Complexity Analysis

Performance refers to how fast our code run; we've been measuring it and thinking about it at an intuitive level. Complexity analysis is a formal theory for thinking about some aspects of performance.

Here are a few things that often affect performance:

  • speed of the computer (CPU, etc)
  • speed of Python interpreter (quality+efficiency of interpretation)
  • algorithm: strategy for solving the problem
  • input size: how much data do we have?

Computers and the Python interpreters that run our programs may tend to get faster over time, and our code will run faster as a result.

Complexity analysis is interested only in those second two parts and the relationship between them. How much work does a given algorithm need to do to complete a task, as a function of the input size?

An algorithm is a bit more general than code. It's a description of the steps that must be performed to complete the task. We might *implement" an algorithm in different languages. For example, here's an algorithm for finding the biggest number in a list:

Take a list, and set x to be the first item in that list.
Iterate over each item in the list, putting each value in y:
    if y is bigger than x, then set x equal to y
Output x, as the biggest number in the list

We could convert that to Python code:

In [1]:
nums = [5,3,2,9,8]
x = nums[0]
for y in nums:
    if y > x:
        x = y
x
Out[1]:
9

The algorithm is more general than this specific Python code -- you could imagine implementing the algorithm in the code of other programming languages (C, Go, JavaScript, etc).

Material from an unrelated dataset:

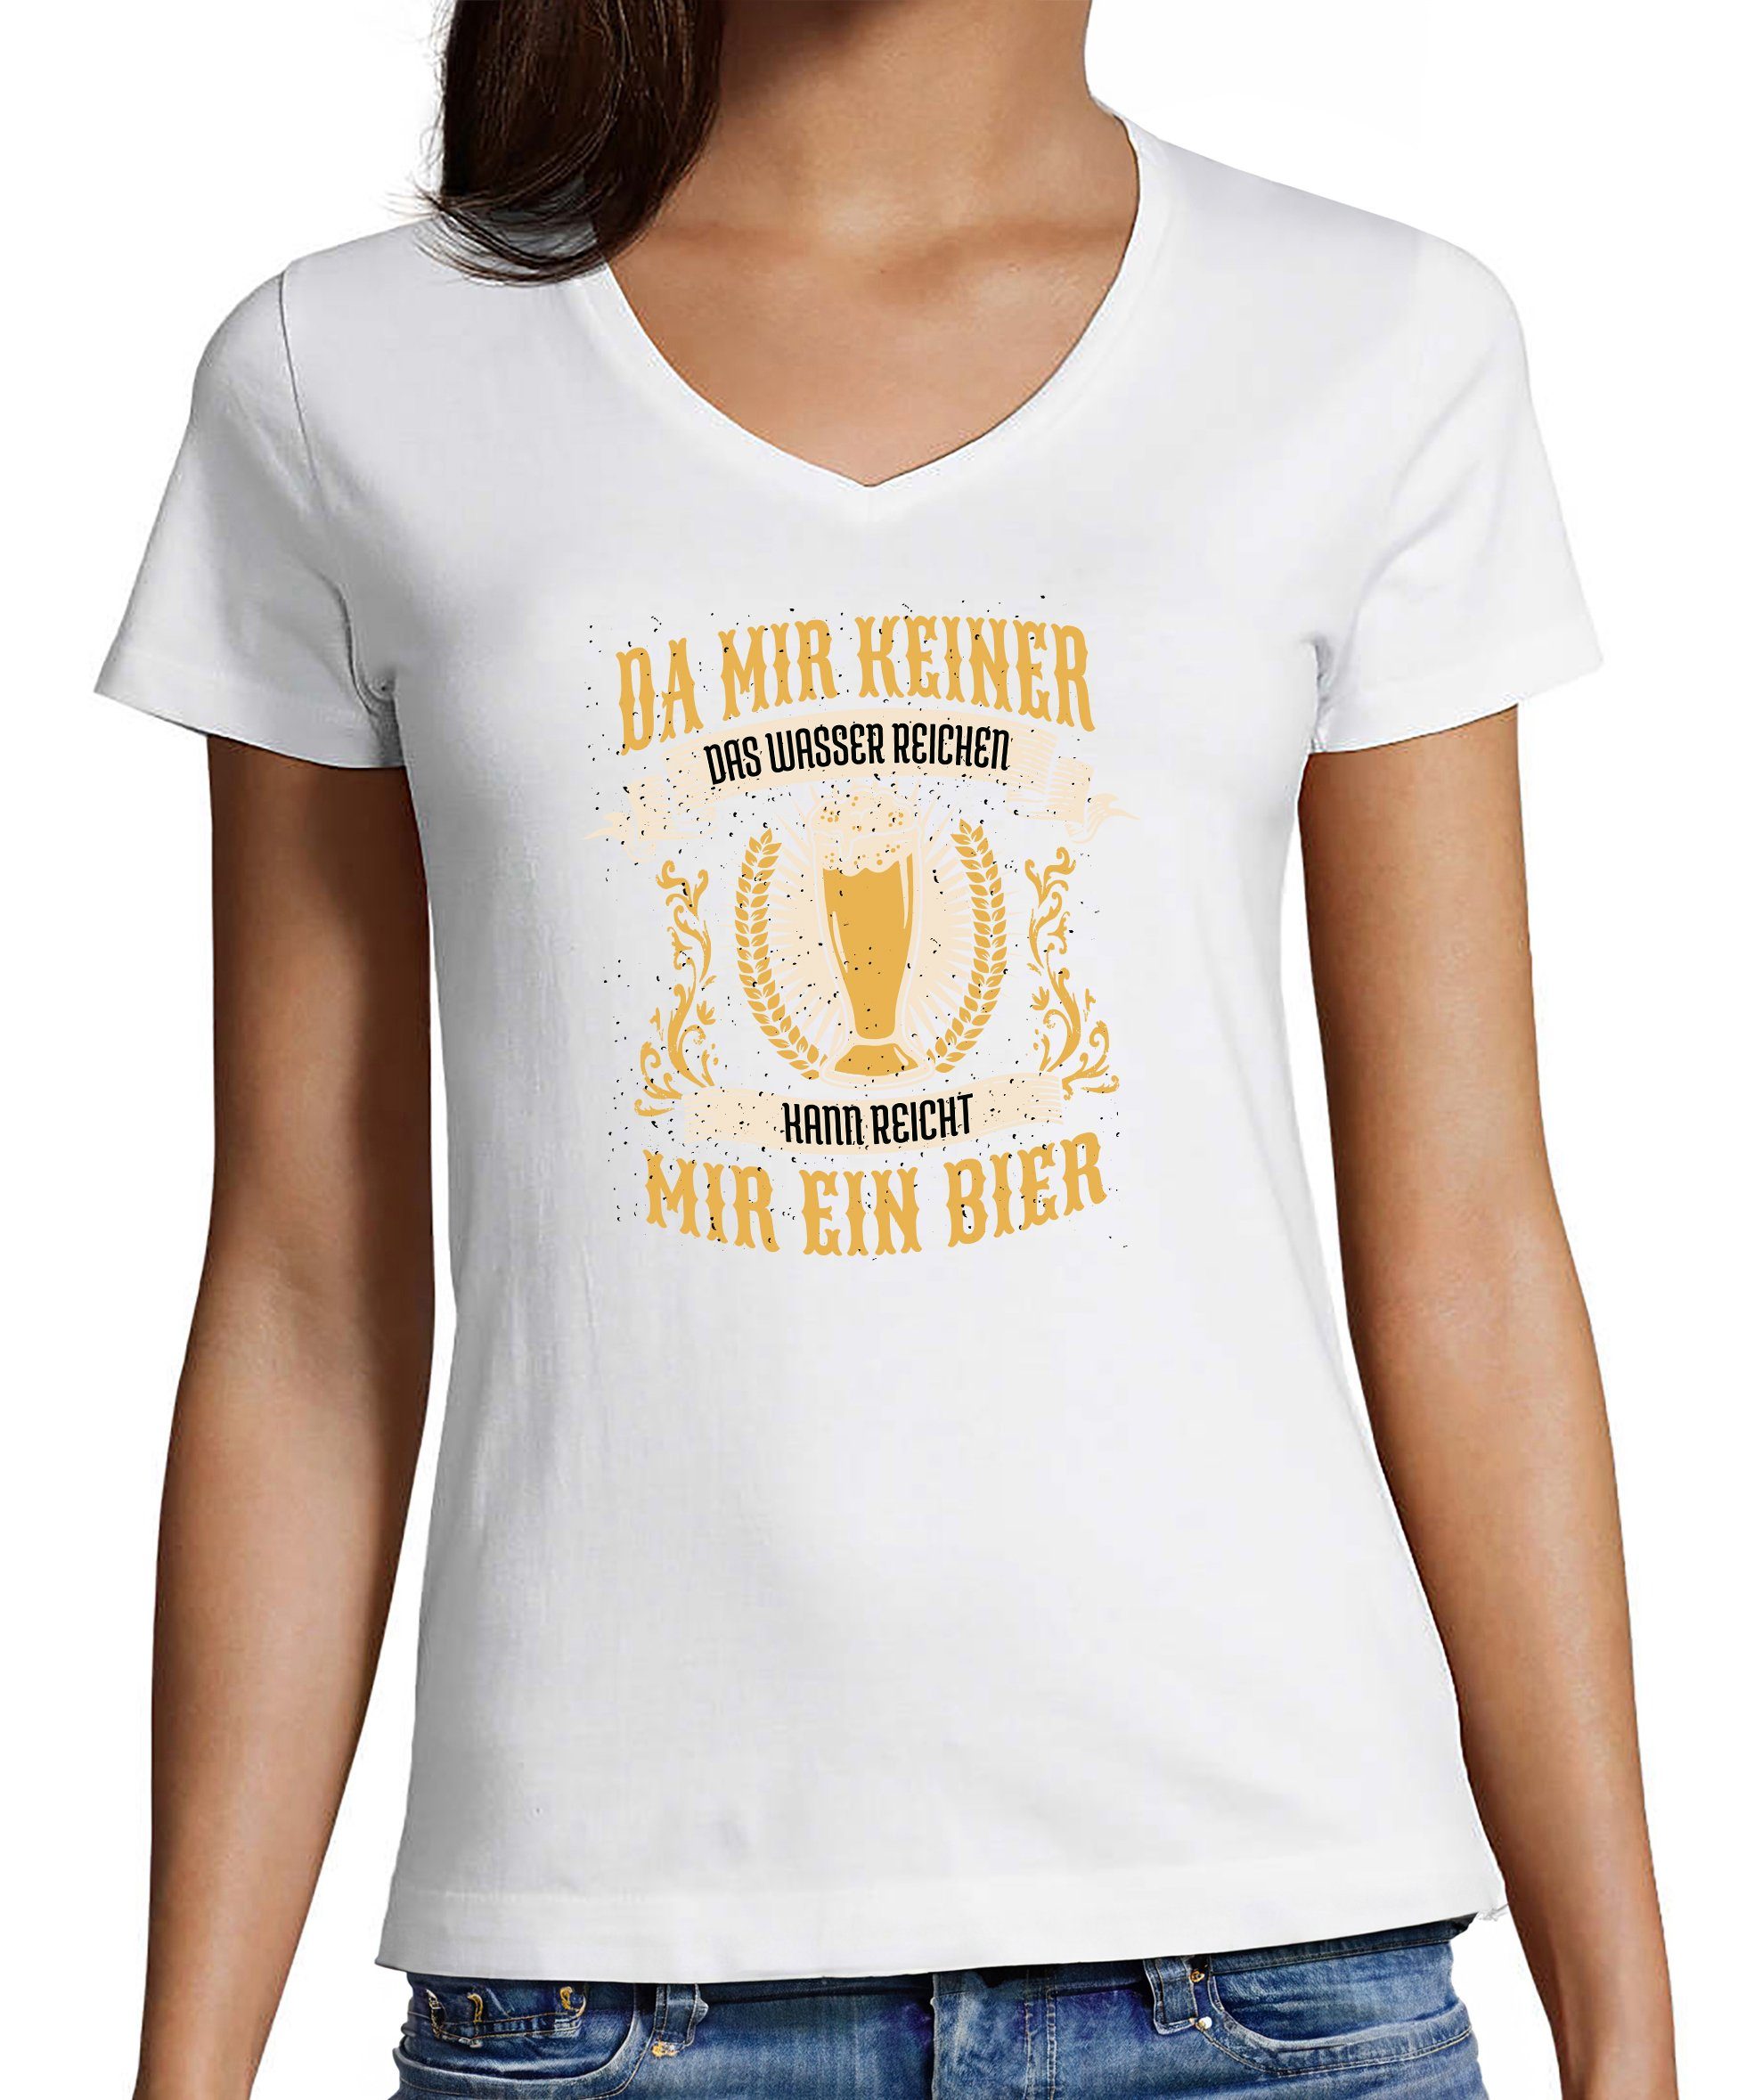 MyDesign24 T-Shirt Damen Oktoberfest T-Shirt - Reicht mir ein Bier V-Ausschnitt Print Shirt Slim Fit, i308 weiss

Complexity analysis is interested in how much "work" needs to be done, as the "input size" increases. We'll postpone talking about how to measure "work" in terms of "steps." Input size is a bit simple: we could say the input size is $N$, where N = len(nums). We could also use other variables (those N is most common). For other algorithms, there might be other ways to measure the input size that make more sense, like the size of a file, length of a string, or number of entries in a dictionary.

Big O

Big-O notation is a mathematical way of communicating how quickly the outputs of a function grow as the inputs grow. This will be useful because we will eventually have functions like $y = f(x)$, where $f$ is a function that tells us how much work our algorithm must do ($y$ will be the number of "steps" -- defined later; $x$ will be the size of the input, such as the length of a list).

Big-O notation allows us to broadly categorize functions into sets, so we'll use set notation. For example, $f(x) \in O(N^2)$ means that the $f$ function is in the $O(N^2)$ set (to be defined soon). Confusingly, other resources use the notation $f(x) = O(N^2)$, replacing the $\in$ with $=$.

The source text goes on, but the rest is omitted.